We can't depend on people to keep their puny CO2 efforts going and they won't.

Sure, the last century saw a reasonable effort, but that was with gushers of oil, inefficient industrial revolution technology and burgeoning numbers of people. Gaia measures things on a longer time scale than one century.

People will NOT be able to keep the effort up for centuries. Even at the current high rate of burning, CO2 won't get to 500 ppm for the best part of another century. 500 ppm is barely breathable for plants. They like it up around 1,500 ppm, where they used to have it until their tragedy of the commons individual grabbing of whatever CO2 was available crashed CO2 levels down to asphyxiation rates.

For eons, plants depended on animals [including all those micro ones] to turn the O2 they excreted [funny that people call CO2 a pollutant and plants call O2 a pollutant] back into CO2. But those animals had to eat plants to do it.

As you know [I guess], there are losses in such cycling systems. As I explained, carbon is stripped out of the biosphere and buried in vast graveyards of limestone, shale, heavy crudes, gas and coal.

I know SUV drivers and rich people zooming around in their Cessna Citations feel anything BUT puny. But let's see how they are going in only 50 years. I expect most of them will be dead and buried, with their bones perhaps turning to limestone in some landfill. The more considerate of them will be cremated so plants can get their carbon back [people eat a lot of plants in their lifetime - and if they eat cattle or fish, those animals had to eat plants to make the meat the people eat].

People have got to put in another million years or so before we can be considered unpuny. Angor Wat was a big deal in its heyday. But the jungles soon took over and in another million years, there won't be much to see. Maybe some rocks and fossilized bones buried in the sediment layers of the day.

People have adapted to the weather where they live, but they can move. Godwits move a LOT. It's not a big deal for humans to migrate. Look at migration over the last 100 years for example. We have moved all over the place.

Yes, people have built roads in Sweden, which was covered in kilometres of ice not so long ago. They can drive south if the ice age recurs. No big deal. Roads are only designed to last 20 years before they need a revamp. Buildings don't often last 100 years [and certainly not with a LOT of expense in renovating them].
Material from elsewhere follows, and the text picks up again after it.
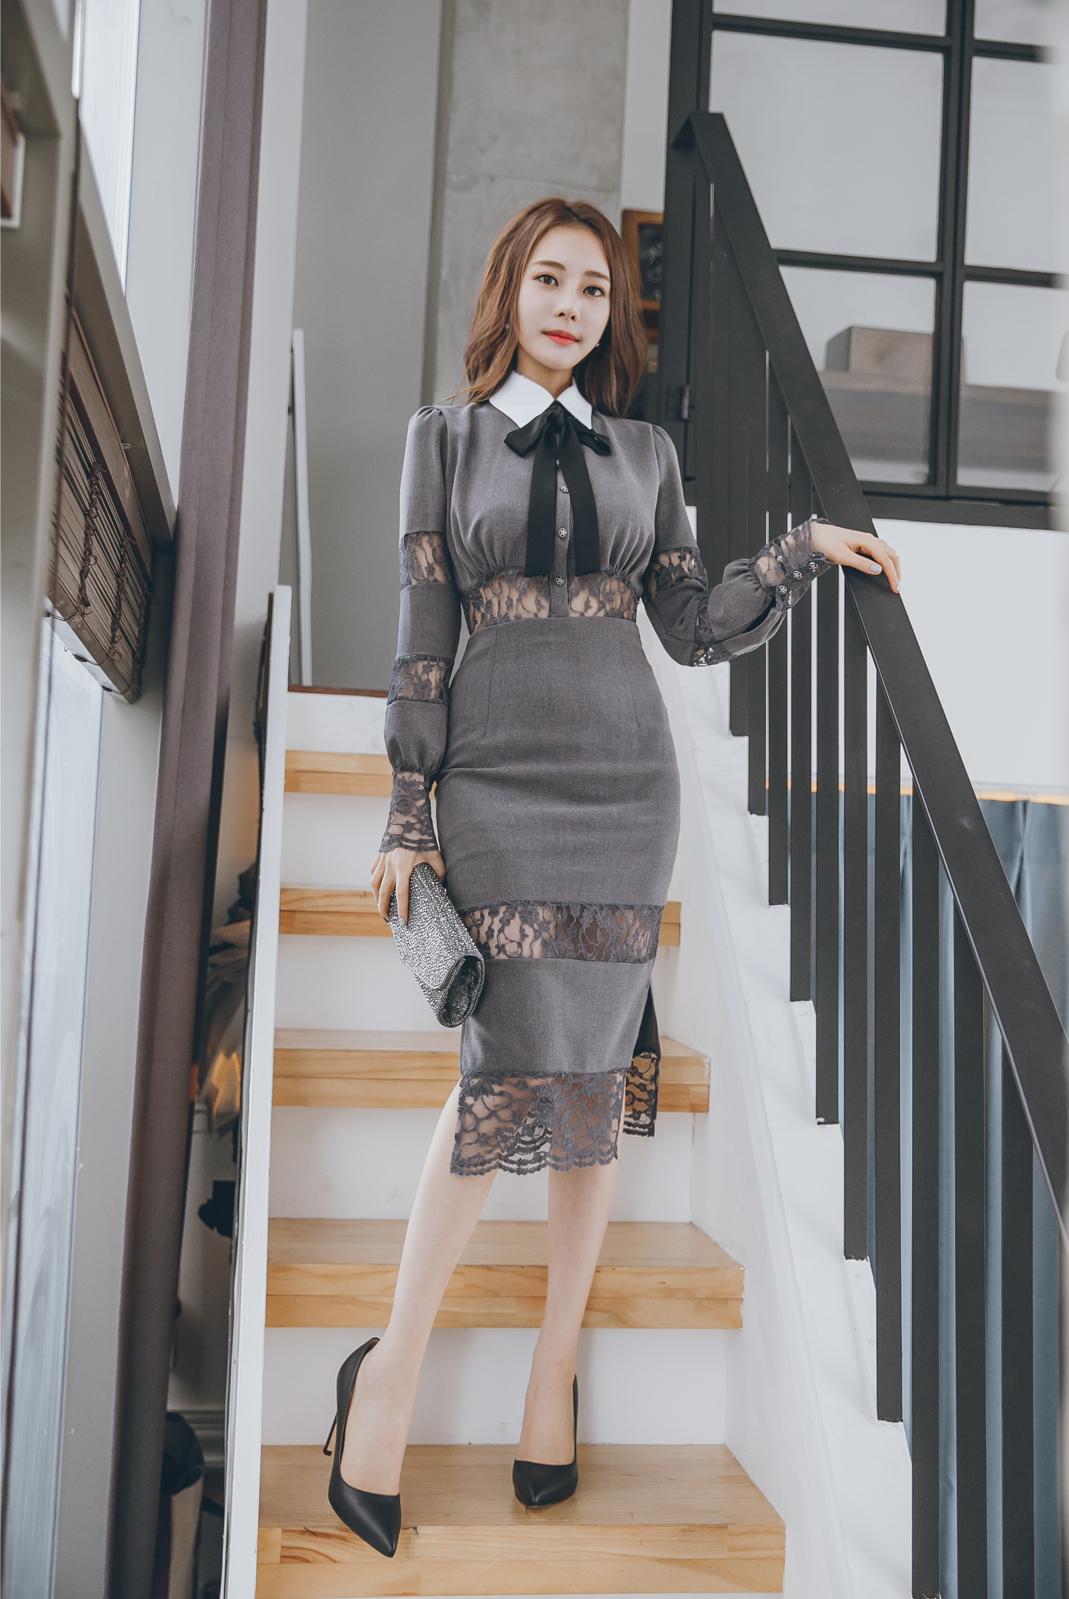 金敏英蕾丝蝴蝶连衣裙,呈现时尚潮流感

Everyone in the world could move to Africa and it wouldn't be a big deal. Or, if it's getting warmer, they could move away from the heat towards northern Canada. Climate changes.

So far, what people have done [with CO2] has been a good thing. Puny, but good. Plants love it. Farmers like it. Hungry people like it as food costs go down.

The climate is NOT balanced. People should stop saying that. It is never in equilibrium. A hurricane is a manifestation of lack of balance. Tectonic processes are relentless and unstoppable. Every day, peta trillions of lives end on the ocean floor, turning to sedimentary layers, stripping the ecosphere and the climate of CO2.